Exercise:
No picture belongs in the copy. Repeat each line below exactly.

** Stored data follows **

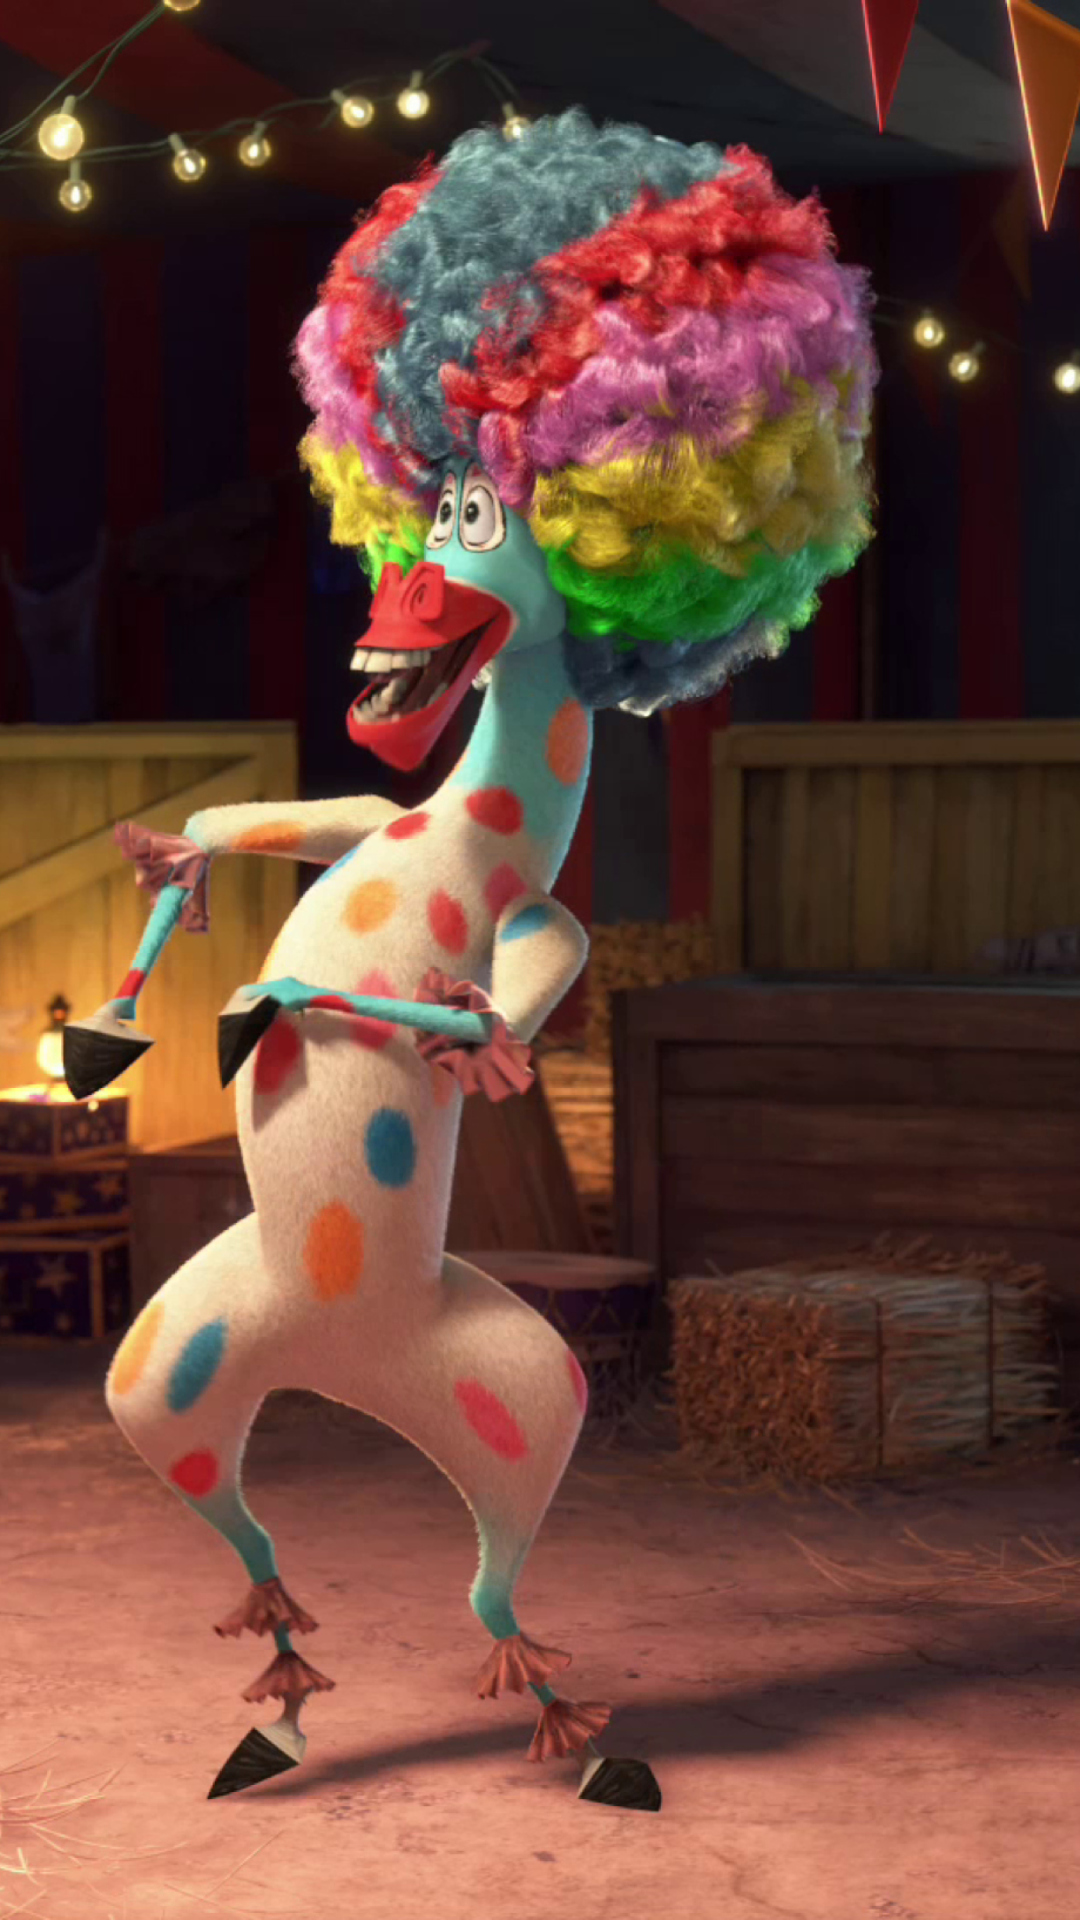 Madagascar 3 Europes Most Wanted wallpaper 1080x1920
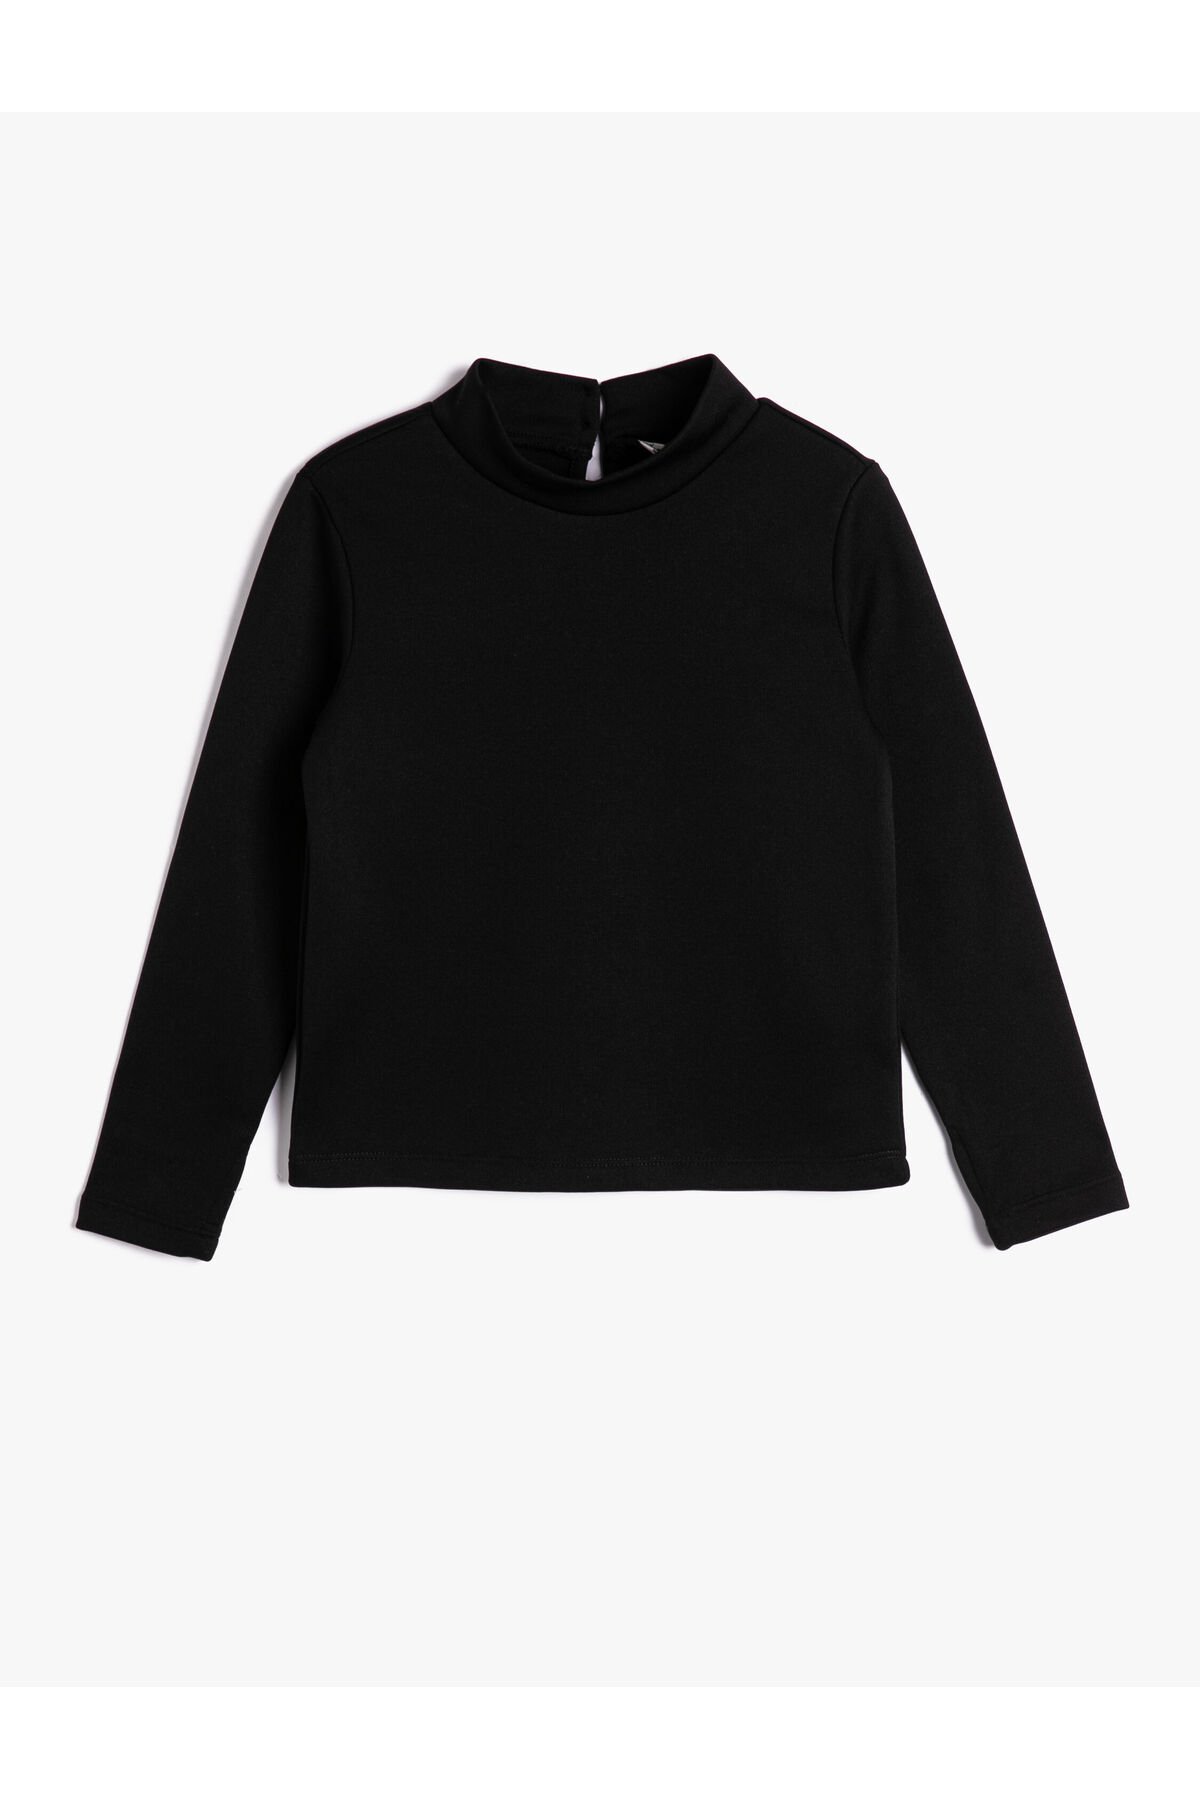 Levně Koton Basic Sweatshirt Long Sleeved Stand-Up Collar With Back Button Fastening.
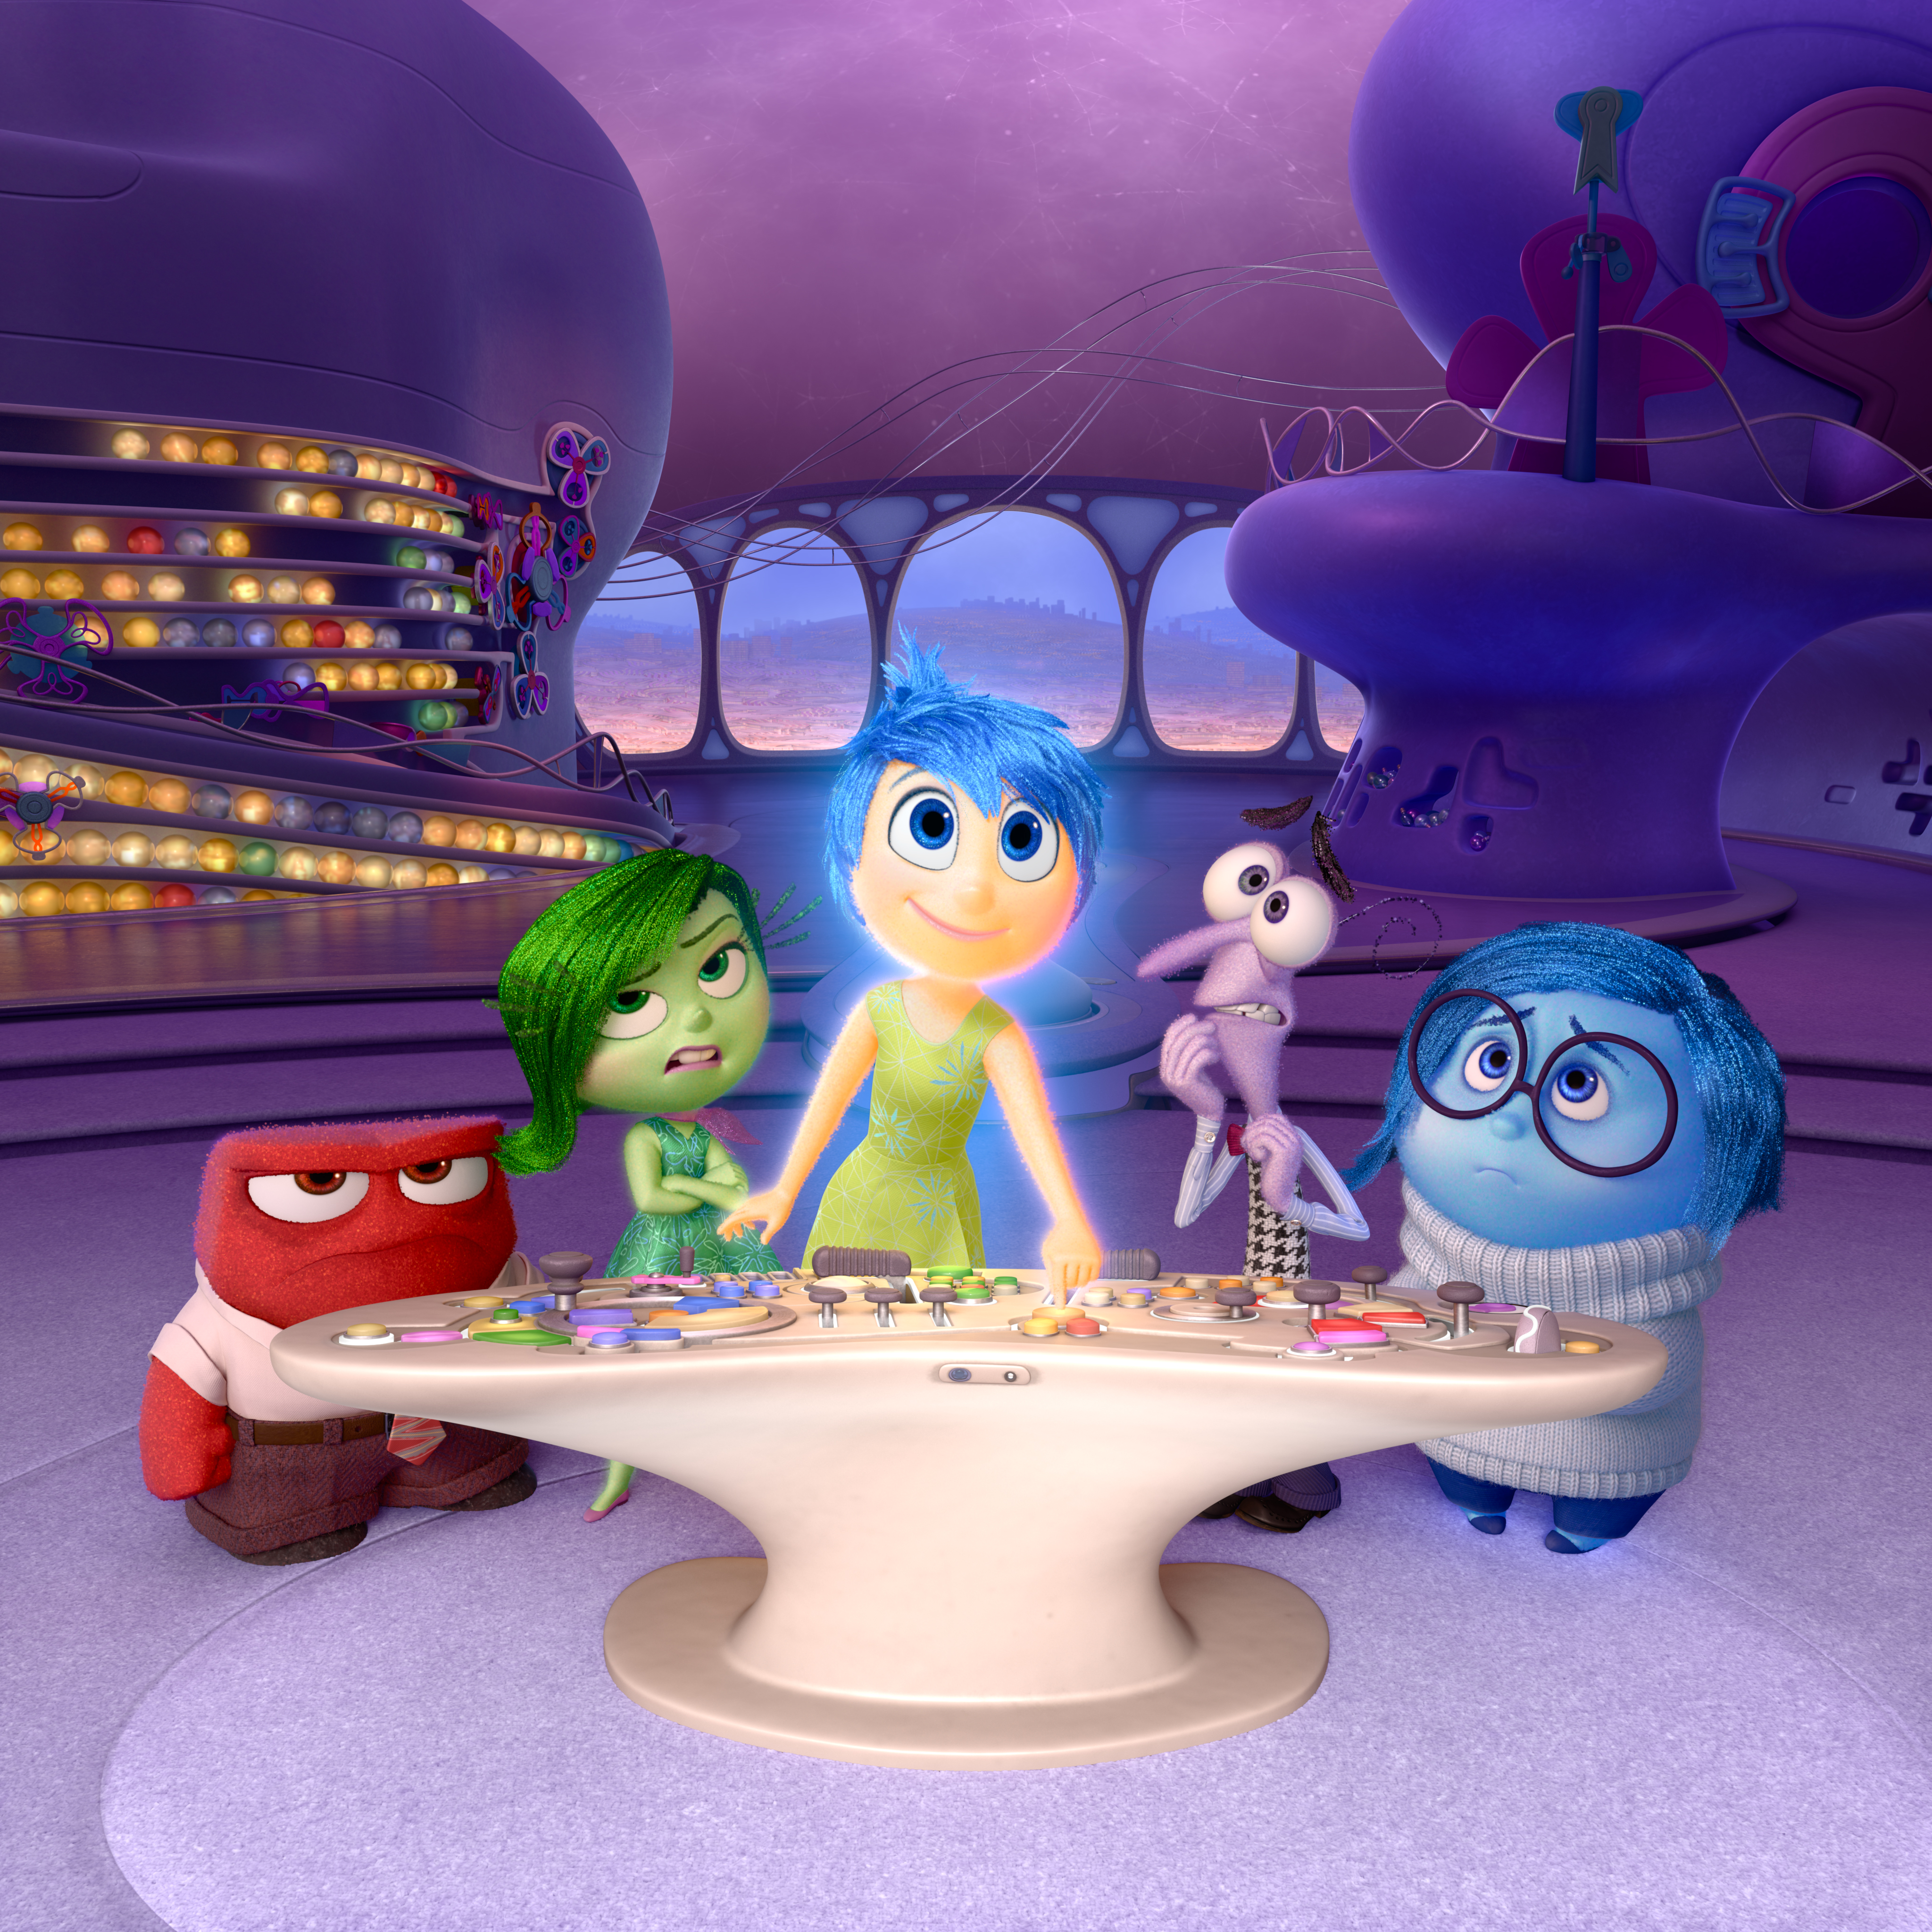 Inside out images

** End of Stored data **

Answer to the problem:
 Madagascar 3 Europes Most Wanted wallpaper 1080x1920
 Levně Koton Basic Sweatshirt Long Sleeved Stand-Up Collar With Back Button Fastening.
 Inside out images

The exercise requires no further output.